The gear transmission part 21 consists of a worm gear 27 provided in the input shaft 26, the worm wheel 28 meshed with it, and the rotor gear 29 meshed with the worm wheel 28. In the case of illustration, the helix of the worm gear 27 is a right screw (see FIG. 4). The input shaft 26 is detachably connected to the output shaft 31 (see FIG. 4) of the driving device 17 through couplings 32 and 33.

FIG. 4 shows the rotation directions of the gears 27, 28, 29 as seen from the line X1-X1 in FIG. In the figure, arrow A indicates clockwise rotation, ie forward rotation, and arrow B indicates counterclockwise rotation, ie reverse rotation. The figure shows a dispensing state in which the rotor gear 29 rotates forward, and the rotor shaft 30 and the integral rotor 19 rotate forward.

In this case, when the input shaft 26 rotates in reverse, the worm gear 27 is a right screw as described above, so that the worm wheel 28 rotates in reverse, and the rotor gear 29 and the rotor shaft 30 rotate forward. The reverse rotation of the input shaft 26 refers to the case where the rotational direction of the input shaft 26 is counterclockwise as indicated by the arrow B, as seen by the white arrow E, from the load source side.

As described above, in the present specification, the rotational direction of all the rotating bodies is referred to as A when the clockwise rotation when the driving source side is seen from the load side is referred to as A, and the counterclockwise rotation is referred to as B reverse rotation.

The gear transmission part 21 of the dispensing cassette 16 is as described above. When the tablet is dispensed by rotating the rotor 19 forward, the reverse rotation input is added to the input shaft 26. On the contrary, the rotor 19 ), It is necessary to add a forward rotation input to the input shaft 26.

As shown in FIG. 5, the driving device 17 is provided with a bearing sleeve 37 protruding from the lid case 35, and a tip end portion of the output shaft 31 is inserted through the bearing sleeve 37. . A coupling 32 is provided at the tip of the output shaft 31. The drive device 17 screws four mounting portions 35a provided on the side edges of the cover case 35 to the appropriate portions of the device 11 so that the output shaft 31 faces forward. It is fixed to).

When the dispensing cassette 16 combined with the above-described driving device 17 is press-fitted in the horizontal direction from the front of the device 11 (see arrow a in FIG. 4), the output shaft 31 of the driving device 17 and dispensing are discharged. The input shaft 26 of the cassette 16 is connected via couplings 32 and 33.

As shown in FIG. 5, the drive device 17 covers the closed end face of the main body case 34 of one end opening, the lid case 35 closing the open end face, and the main body case 34. As shown in FIG. It has a cover case 36. The bearing sleeve 37 protrudes and is installed in the cover case 35, and the front-end | tip part of the output shaft 31 is inserted through the bearing sleeve 37 as mentioned above. The lead wire insertion hole 40 of the internal electric component is formed in the cover case 35.

As shown in FIG. 6, the drive device 17 includes two types of direct-current motors, a drive motor 38 and a switching motor 39. These motors 38 and 39 are arranged in directions in which the respective motor shafts 41 and 42 (see Fig. 7) are orthogonal to each other. The drive motor 38 described above is either forward rotation or stop, and is not controlled to reverse rotation. The changeover motor 39 is controlled to rotate in both normal and reverse directions.

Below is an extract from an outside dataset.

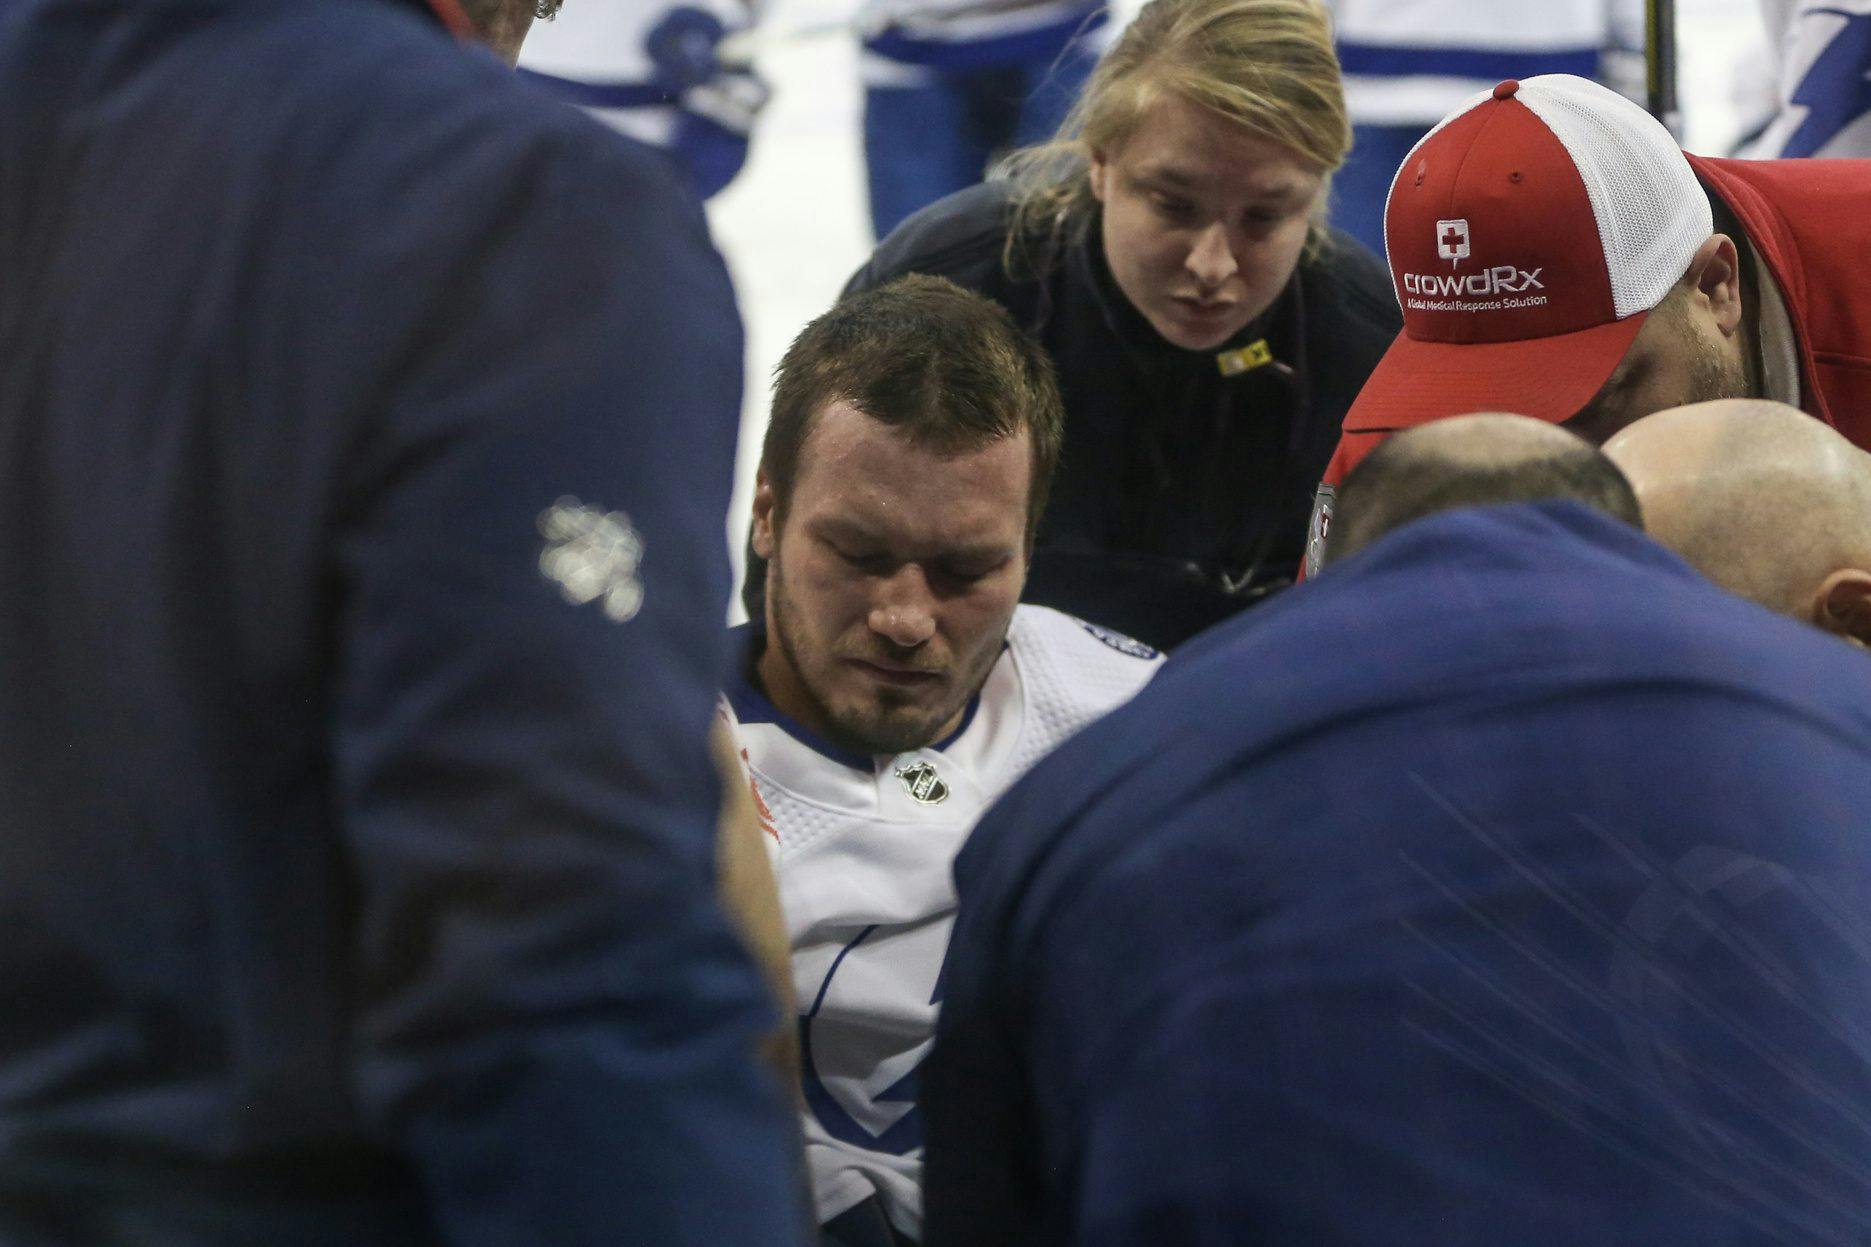 Tampa Bay Lightning’s Mikhail Sergachev has surgery to repair a broken tibia and fibula, has no timetable for return

The drive motor 38 is provided on the rear surface of the main body case 34 and covered by the cover case 36 described above. The motor shaft 41 of the drive motor 38 protrudes inside the main body case 34, and the drive gear 43 is provided at the protruding portion thereof. In addition, an output gear 44 is provided on the output shaft 31. The rear end of the output shaft 31 penetrates the closed end surface of the main body case 34 to reach the inside of the cover case 36.

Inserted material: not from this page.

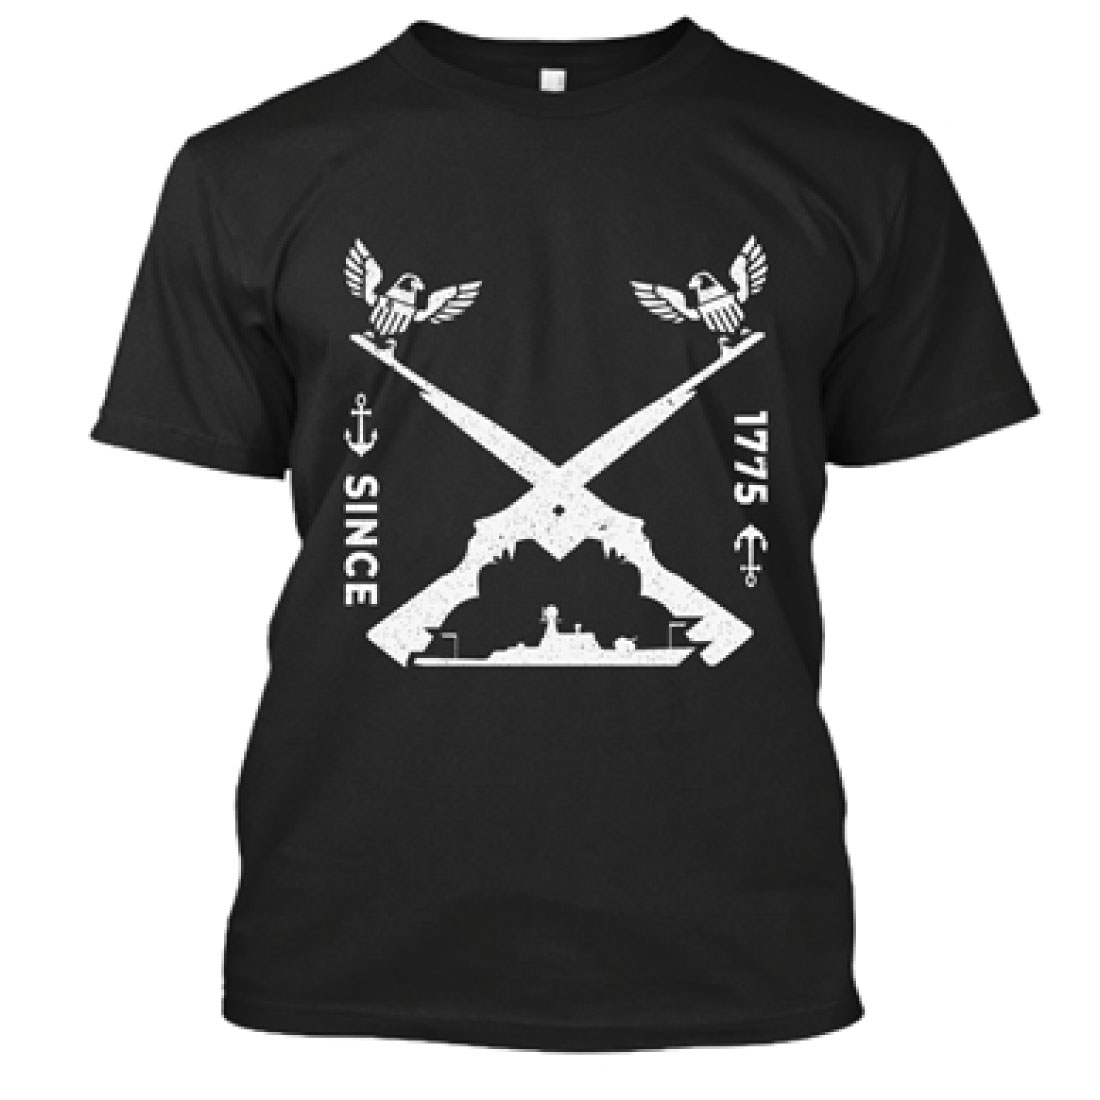 U.S Navy T-Shirt Design cover image.

As shown in FIG. 6, a gear transmission device 60 including the drive gear 43 and the output gear 44 is provided between the motor shaft 41 and the output shaft 31. The gear transmission device 60 has two transmission paths of the forward rotation transmission path 45 (see FIGS. 7 and 8) and the reverse rotation transmission path 46 (see FIGS. 7 and 10) by a plurality of gears. Has

By using the drive gear 43, the output gear 44, and the switching gear 47 as the common members in both the transmission paths 45 and 46, the transmission path is simplified. The changeover gear 47 always meshes with the drive gear 43, and belongs to the forward rotation transmission path 45 or the reverse rotation transmission path by the action of the switching device including the switching motor 39, as will be described later. Switch to belong to (46).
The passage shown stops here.